London24NEWS

Congress Approves $4 Billion Giveaway To Crypto Industry

WASHINGTON ― Congress on Wednesday killed a regulation requiring certain digital asset trading platforms to report customer transactions to the IRS.

The change will save the crypto industry an estimated $4 billion in taxes that will still be owed but won’t be paid.

The regulation, which was finalized in December and wouldn’t take effect until 2027, would have required decentralized crypto platforms like Uniswap to comply with the same tax reporting rules that apply to stockbrokers, banks and, as of this year, centralized crypto exchanges like Coinbase.

One company that could benefit from killing the regulation? President Donald Trump’s own decentralized finance platform, World Liberty Financial.

The crypto industry complained that since decentralized platforms don’t hold assets or information about their customers, the regulation was unwieldy.

“Under the rule, software companies that never take custody or control of users’ assets will be required to radically rebuild their services in order to unnecessarily collect and then report to the government the personal identifying information and transaction details of potentially tens of millions of American users,” dozens of firms said in a February letter to members of Congress.

The industry also said the regulation would stifle innovation and disadvantage American firms, arguments stunningly reminiscent of Wall Street’s push two decades ago to deregulate the exotic financial instruments that helped inflate the housing market bubble and ultimately tank the entire economy.

The Senate killed the crypto regulation Wednesday evening by a vote of 70 to 28, with all Republicans and 18 Democrats in support; the House voted earlier this month. Congress has given itself special power to kill regulations finalized in an outgoing president’s final weeks in office. The IRS was required to write the crypto rule as part of a bipartisan infrastructure law Congress passed in 2021. The IRS will now be forbidden from ever promulgating a similar rule in the future.
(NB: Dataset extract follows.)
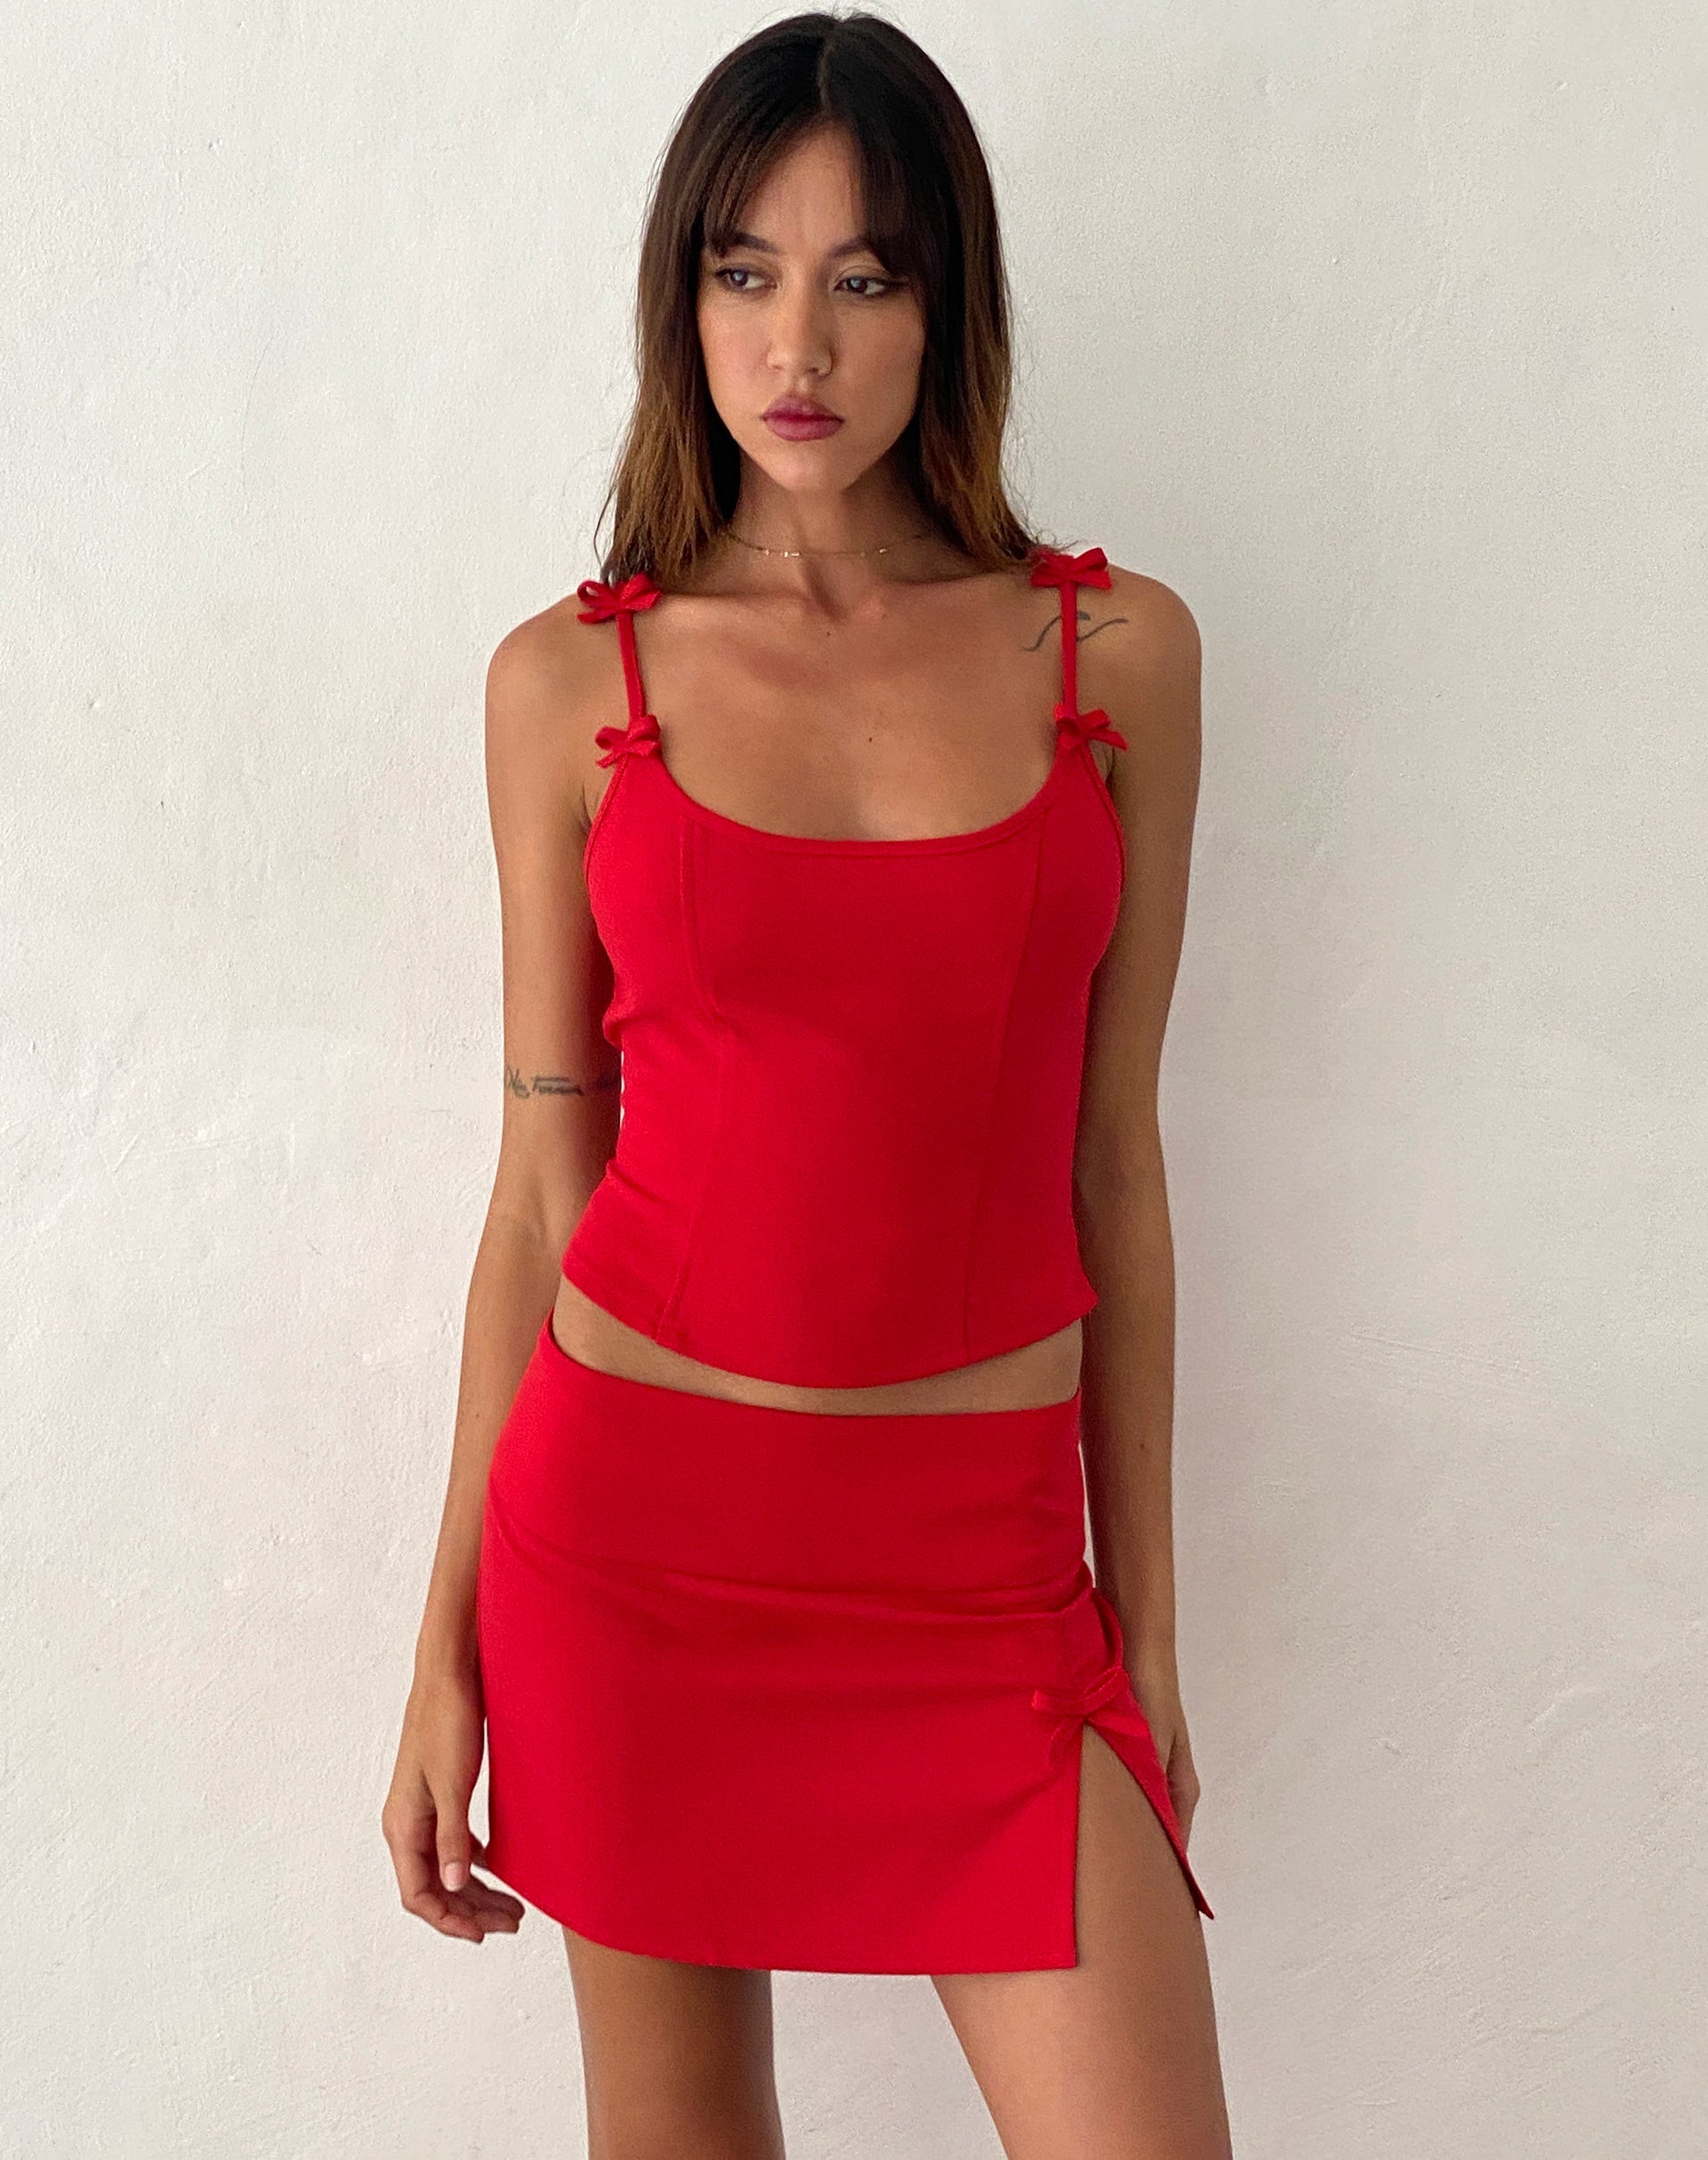 Imagen de Yanti Minifalda roja con lazos rojos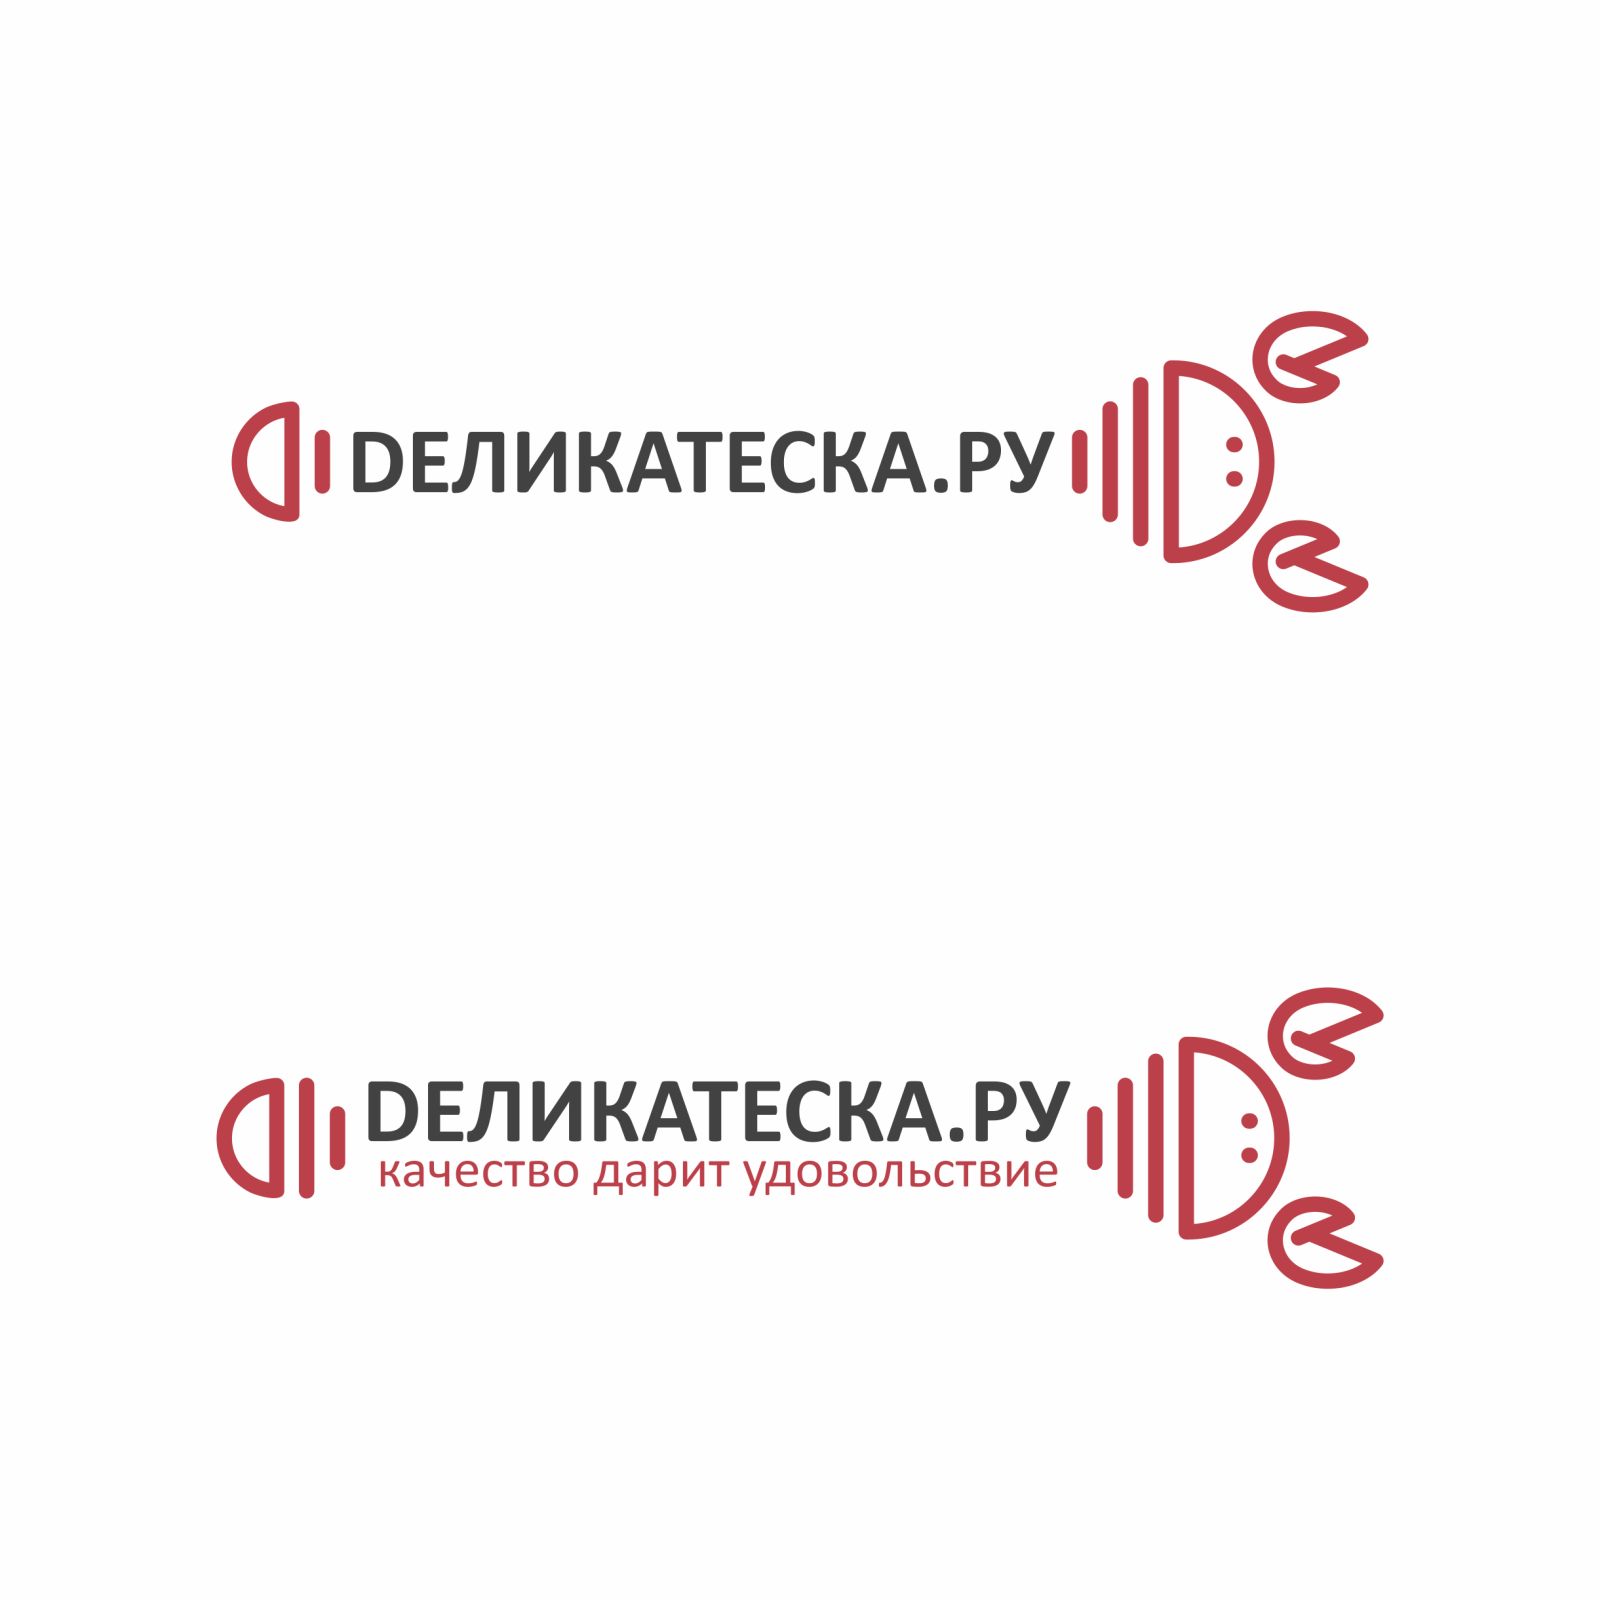 Логотип для ДЕЛИКАТЕСКА.РУ - дизайнер Vladlena_D

Since the U.S. tax system runs on voluntary compliance, if the decentralized trading platforms aren’t reporting people’s transactions to the IRS, then customers can be more confident that the IRS won’t know what it’s missing. The Joint Committee on Taxation, the congressional experts on the budgetary effects of tax policy, said killing the regulation would lose the government $4.5 billion over a decade.

Cruz called the revenue loss estimate silly.

“It was a terrible rule which would have done enormous damage, and I don’t believe there is any cost to not implementing a bad rule that has never been implemented,” Cruz told HuffPost.

Killing the regulation fits broader Republican efforts in favor of deregulating crypto and against increased tax compliance. Undoing former President Joe Biden’s beefed-up IRS enforcement efforts has been a top Republican priority, even though it cuts against their quest to shrink annual budget deficits.

Though several Democrats voted for the Cruz resolution, not all did.

“The bill before us today would repeal sensible and important Treasury regulations ensuring that taxpayers meet their tax-filing obligations and do not skirt the law by selling cryptocurrency without reporting the gains. It’s really that simple,” Rep. Richard Neal (D-Mass.) said last month when the House Ways and Means Committee approved the resolution.

“I think we want to have tighter controls, not looser controls, on an industry that seems to be funneling a lot of dark scary trade in this country,” Sen. Chris Murphy (D-Conn.) told HuffPost on Wednesday.